Pith reviewed 2026-05-23 22:10 UTC · model grok-4.3
The pith
Task prompt vectors formed by subtracting random initialization from tuned soft prompts enable effective low-resource initialization and arithmetic combination across tasks.
A machine-rendered reading of the paper's core claim, the machinery that carries it, and where it could break.
Core claim
Task prompt vectors are created by the element-wise difference between the weights of tuned soft-prompts and their random initialization. These vectors isolate transferable task-specific information that can initialize prompt tuning effectively on similar tasks in low-resource settings. The vectors prove independent of the particular random initialization and work across two different language model architectures, which permits arithmetic operations such as addition of vectors from multiple tasks to deliver competitive multi-task performance.
What carries the argument
Task prompt vectors, defined as the element-wise difference between tuned soft-prompt weights and their random initialization, isolate transferable task information for initialization and arithmetic.
If this is right
- Task prompt vectors can initialize prompt tuning effectively on similar tasks using limited data.
- Task prompt vectors remain independent of the random initialization seed used during original tuning.
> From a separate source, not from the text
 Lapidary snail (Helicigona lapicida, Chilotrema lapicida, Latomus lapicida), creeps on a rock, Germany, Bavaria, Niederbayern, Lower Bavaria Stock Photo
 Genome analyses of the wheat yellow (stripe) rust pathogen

- Arithmetic addition of task prompt vectors from multiple tasks yields competitive multi-task performance.
- The vectors transfer across at least two different language model architectures.
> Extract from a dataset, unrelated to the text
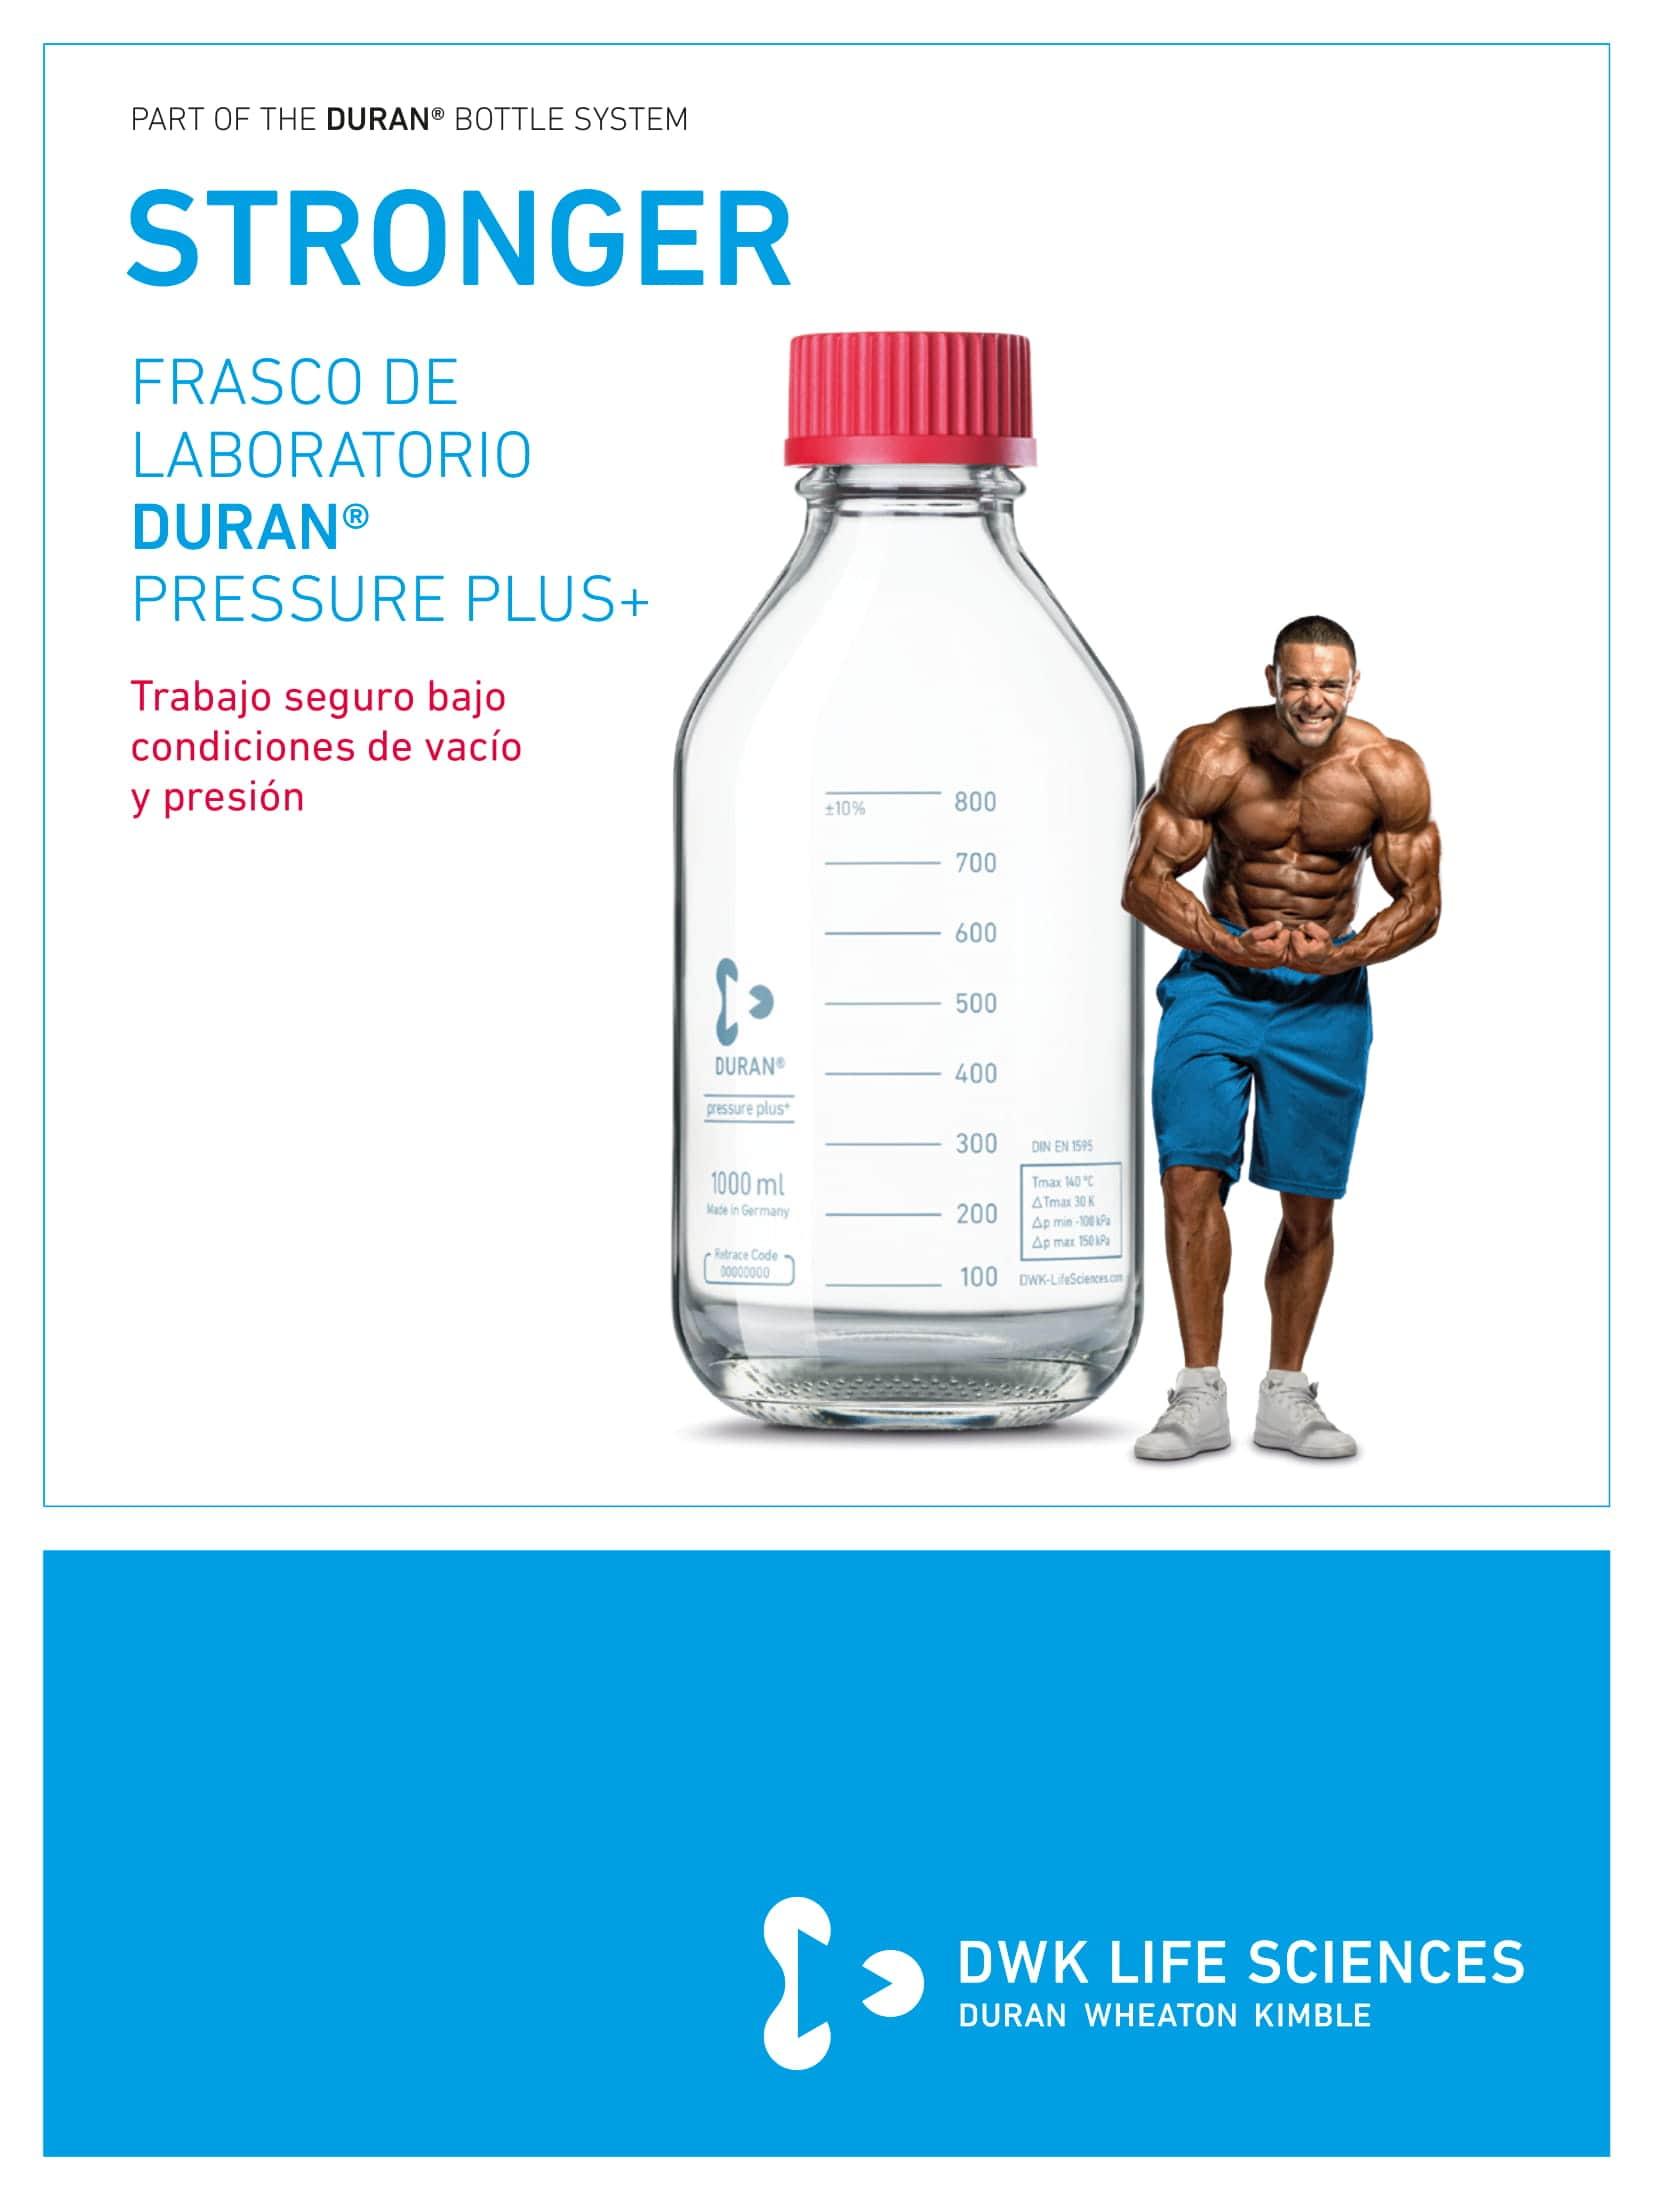 DURAN® Laboratory Bottle Pressure Plus+ GL 45 Spanish

Where Pith is reading between the lines
- Precomputed task prompt vectors could be stored and reused to lower the cost of adapting models to new task combinations.
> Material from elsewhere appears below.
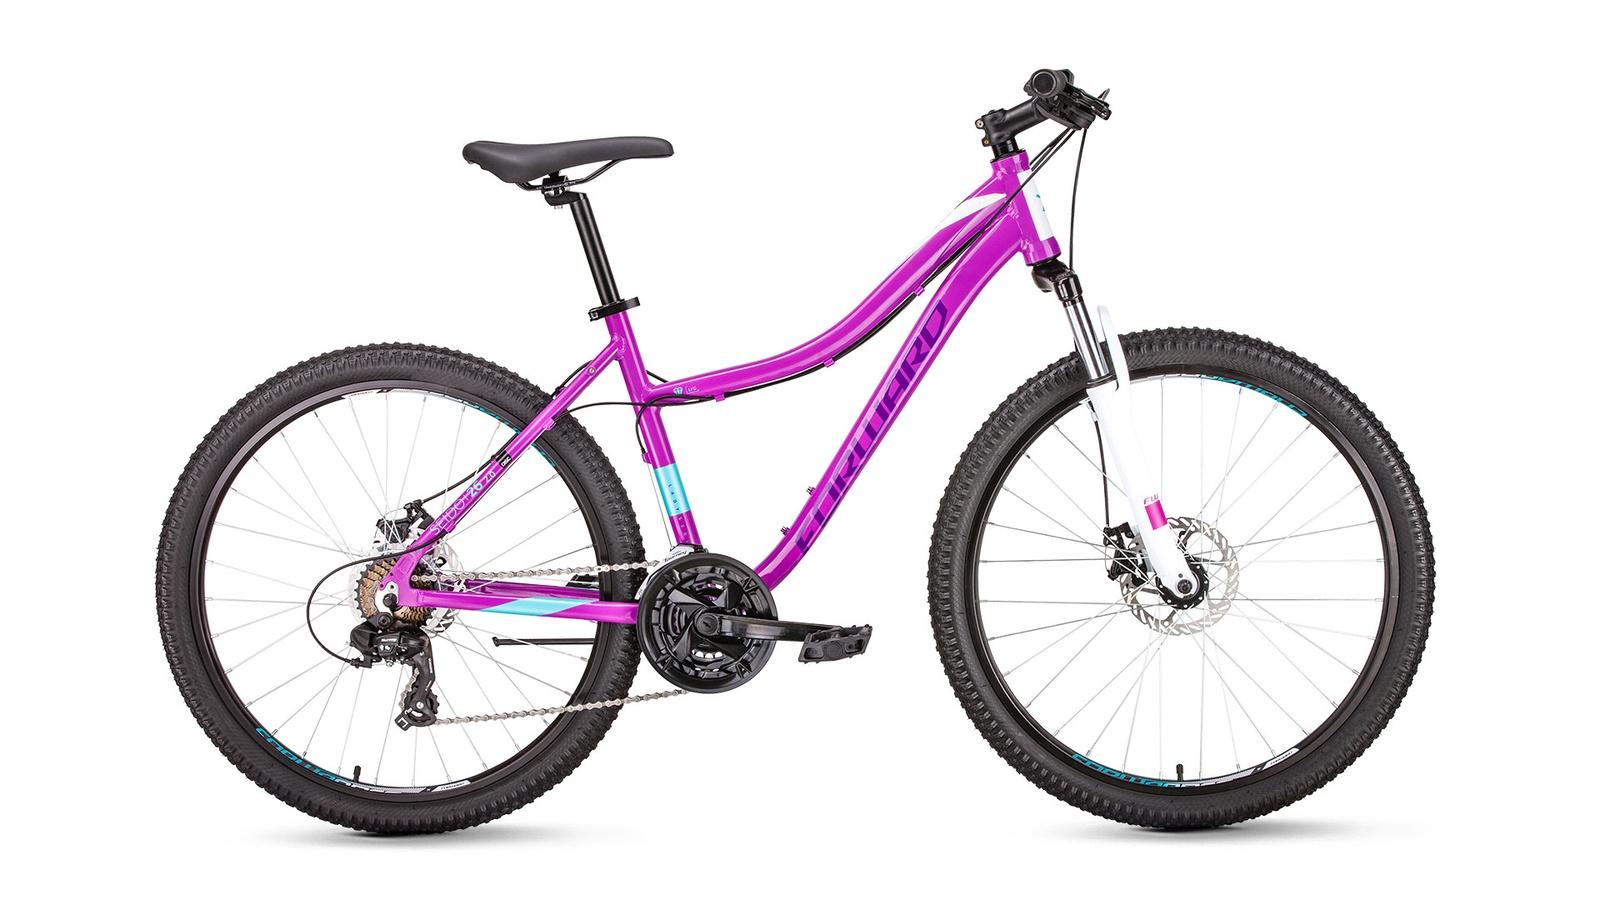 Велосипед Forward Seido 26 2.0 disc, фиолетовый велосипед giant rove disc lite 2016

- The subtraction technique might extend to other parameter-efficient methods such as adapters or LoRA modules.
- Independence from architecture opens the possibility of transferring task vectors between models of different sizes or families.
Load-bearing premise
The element-wise difference between a tuned soft prompt and its random initialization must capture only transferable task-specific information that remains useful when added to a new random prompt on a related task.
What would settle it
An experiment showing that task prompt vectors from similar tasks produce no improvement over random initialization when used to start prompt tuning on a new related task, or that their addition yields worse results than training a single combined prompt.
Figures
read the original abstract
Prompt tuning is an efficient solution for training large language models (LLMs). However, current soft-prompt-based methods often sacrifice multi-task modularity, requiring the training process to be fully or partially repeated for each newly added task. While recent work on task vectors applied arithmetic operations on full model weights to achieve the desired multi-task performance, a similar approach for soft-prompts is still missing. To this end, we introduce Task Prompt Vectors, created by element-wise difference between weights of tuned soft-prompts and their random initialization. Experimental results on 12 NLU datasets show that task prompt vectors can be used in low-resource settings to effectively initialize prompt tuning on similar tasks. In addition, we show that task prompt vectors are independent of the random initialization of prompt tuning on 2 different language model architectures. This allows prompt arithmetics with the pre-trained vectors from different tasks. In this way, we provide a competitive alternative to state-of-the-art baselines by arithmetic addition of task prompt vectors from multiple tasks.
Editorial analysis
A structured set of objections, weighed in public.
Referee Report
Summary. The paper introduces Task Prompt Vectors (TPVs), defined as the element-wise difference between a tuned soft prompt and its random initialization. It reports experimental results on 12 NLU datasets showing that TPVs enable effective initialization of prompt tuning for similar tasks in low-resource settings, that TPVs are independent of the random seed and of the underlying LM architecture (tested on two models), and that arithmetic combinations of TPVs from multiple tasks yield multi-task performance competitive with state-of-the-art baselines.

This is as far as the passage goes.